Did these people deserve to be robbed of their Geneva protections, their dignity and humanity, and- in some cases- their lives? Is that the argument that the President wants to make to the American people? I doubt it.

So, no the President will not, and should not, win this fight.

Furthermore, at today's press conference, NBC's David Gregory made an excellent point- If the United States decides that the Geneva Conventions (which have been international law for half a century) do not apply to them, then do they still apply to any other nation? How would the President react, Gregory asked, if a foreign government captured a U.S. soldier/officer, subjected him to torture, then tried and convicted him with evidence he wasn't allowed to see? The President dismissed the question as a hypothetical and angrily refused to answer when prodded further.

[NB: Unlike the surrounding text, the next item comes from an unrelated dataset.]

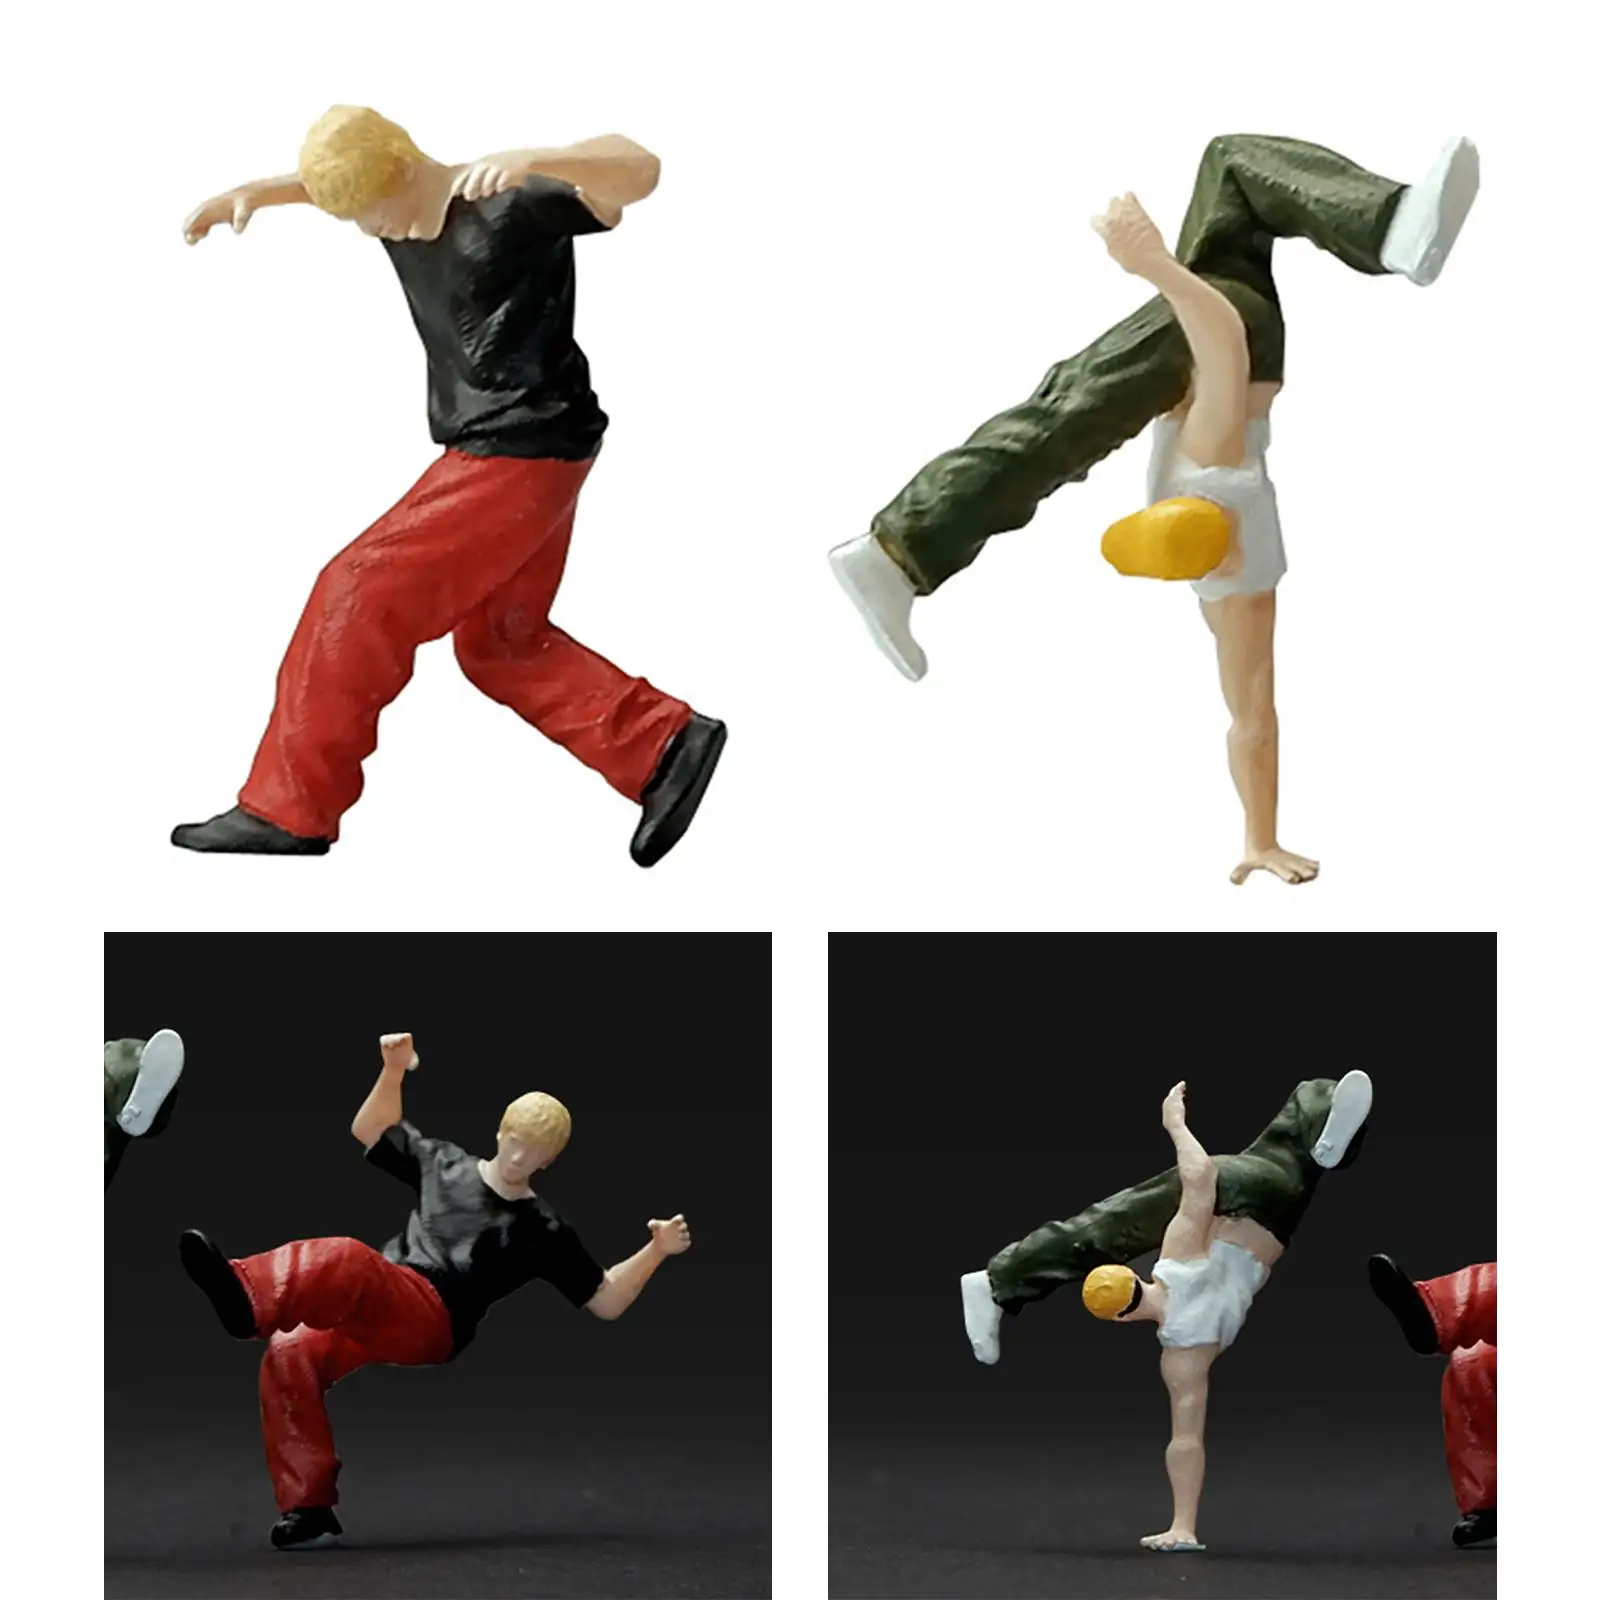 1/64 Scale Figure Street Dancer Model Handpainted for Micro Landscape Layout

And Josh Marshall rolls his eyes at the President's argument that "time is running out" for Congress to pass this legislation and that "the program" (gee, that doesn't sound too Orwellian) cannot proceed if Congress will not provide the U.S. intelligence community with the legal "clarity" they need to proceed. Ignoring that legal clarity already exists in the form of the Geneva rules, Marshall correctly disputes the supposed urgency of this. He says "Time is running out to set up military tribunals to try suspected terrorists who we've had in custody for two, three, four, in some cases I think even close to five years with no particular need or urgency to try them at all. But... when Congress comes back in December it'll be too late[?]" I would add, though, that one reason for the rush may be concerns over war crime prosecution.

I hope that the Democrats will continue to stand up to the President on this vital issue and not listen to what the opposition wants them to believe. It is people like Blankely who insisted it was politically expedient in 2002 for Democrats to support the Iraq war resolution. And I hope that that Republicans- Powell and the others- who have stood up to the President will also not back down. He will use the elections and the specter of terrorism to try and force his radical agenda, but he must not succeed.

"The world is beginning to doubt the moral basis of our fight against terrorism"-- Colin Powell.

[Related topic: The President also got called out at the press conference on his warrantless wiretapping program. The President did not give a substantive reply, simply insisting it be called the 'terrorist surveillance program' and then laughing about those semantics. Tim Greave at Salon has the money quote on this false debate: "When anyone suggests that the administration actually follow the law and get a warrant when it engages in wiretapping, Bush and his surrogates immediately claim the critics want to prevent the United States from listening to al-Qaida altogether. We know that's not true, they know that's not true, but they're hoping that there are just enough people out there who don't know any better to keep the Republicans in control of the House and Senate come November."

Atrios also points out some key logic holes in the White House's wiretapping argument.]